Criminal investigations by police:  Police investigating crime do not owe DOC to individuals of public in failure to apprehend a dangerous criminal. Hill v The Chief Constable of West Yorkshire: P claimed police negligent in capturing the Yorkshire Ripper in time to avoid death of her daughter.  Immunity is not absolute: o Ansett Transport Industries (Operations) v States of NSW: police who take control of accident scene owe DOC to road users. o Cran v State of NSW: negligent prosecution by DPP and police still did not owe DOC to prisoner, who complained of stress etc from delay.

Auditors:  Do auditors have a DOC to third parties that suffer economic loss from relying on audited accounts? No. Esanda Finance Corp v Peat Marwick  Statutes already assign civil/criminal liabilities to auditors  To increase auditors’ liabilities would only aggravate the admin of justice, the cost of auditing services and etc.  Primary cause of loss would be collapse of company that P invested in. Auditor’s role/responsibility is usually relatively minor.

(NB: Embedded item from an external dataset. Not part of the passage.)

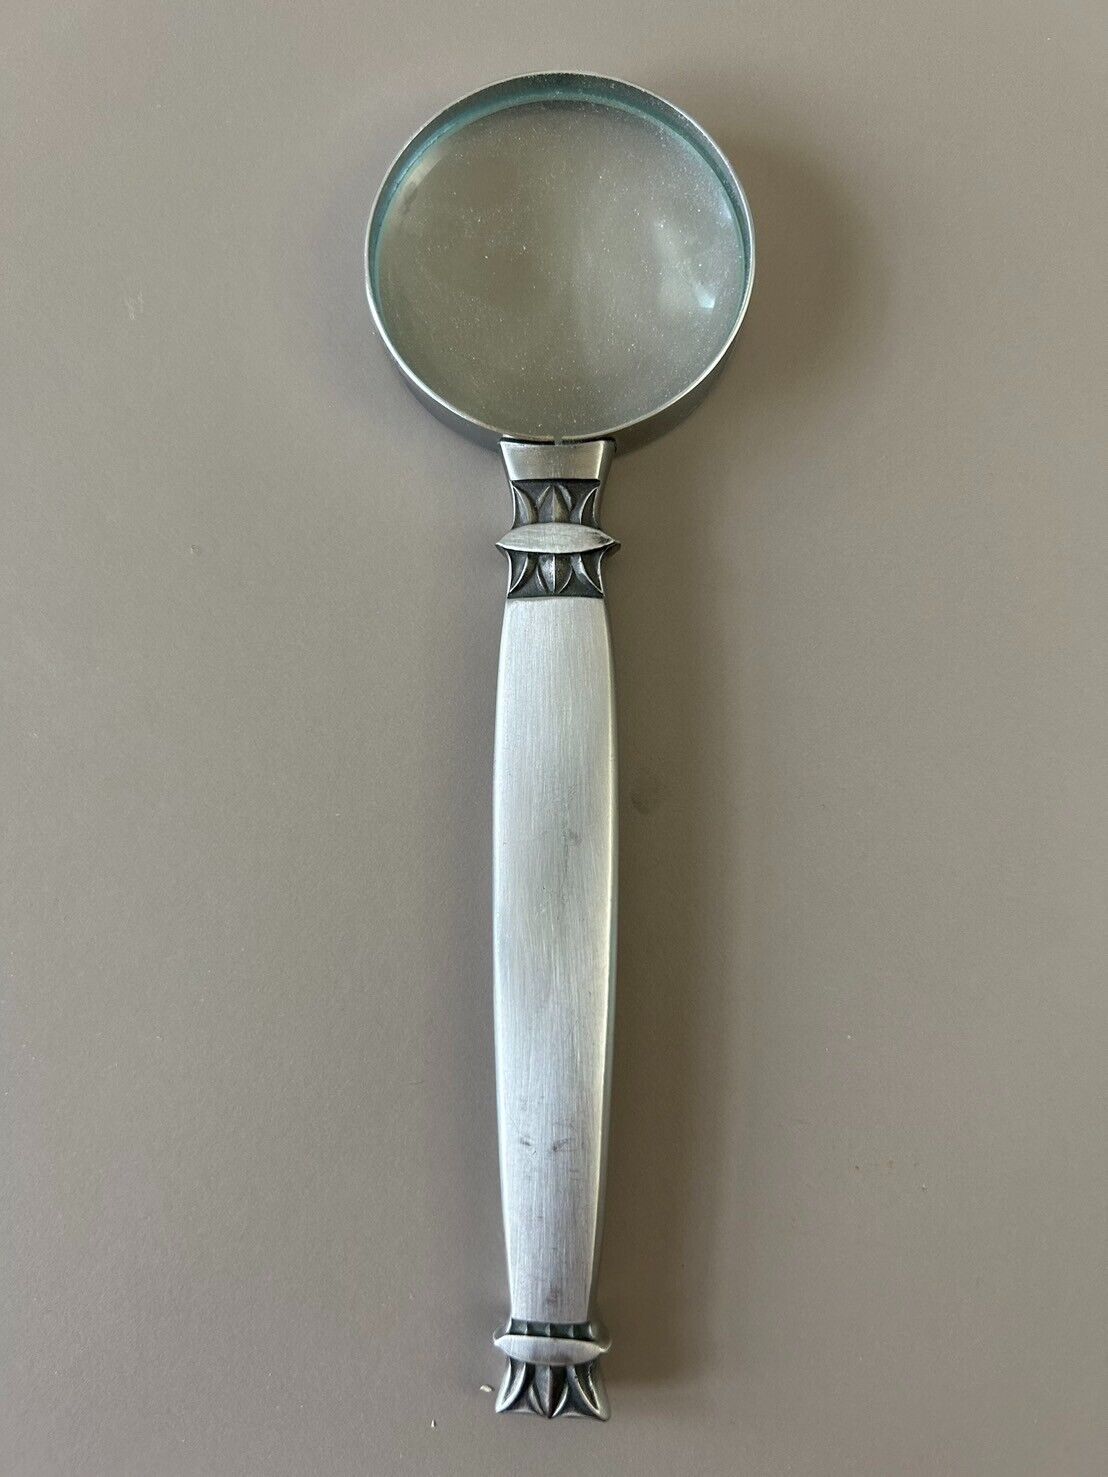 Antique Japanese Decorative Table Magnifying Glass with Stainless Steel

Child protection agencies:  Do child welfare officers, social workers, doctors investigation child abuse have DOC towards parents to conduct investigation carefully to avoid psychological injury to them? No. Sullivan v Moody; Thomspon v Connon. o Intersected across other legal principles eg. defamation law o DOC would be incompatible with the duty to uphold children’s interests as paramount o Liability is indeterminable – not limited only to parents of children.  Hillman v Black: father investigated for child abused, argued psychological trauma. Held: no DOC.

Armed services in wartime:  Armed services do NOT owe DOC in respect of damage caused by them during an active engagement against the enemy in wartime. Shaw Savill & Albion v Commonwealth: o Definite limit to immunity: actual operations against enemy distinguished from other activities. o Groves v Commonwealth; Mulchay v Ministry of Defence: immunity principle applied.

Joint illegality:  DOC owed by partners in joint criminal enterprise? o Gala v Preston: drunken driver of stolen car DOC to drunken passenger? Held: no reason for illegality to automatically negate DOC. But, in circumstances – DOC would be denied. Civil law cannot condone breaches of the criminal law.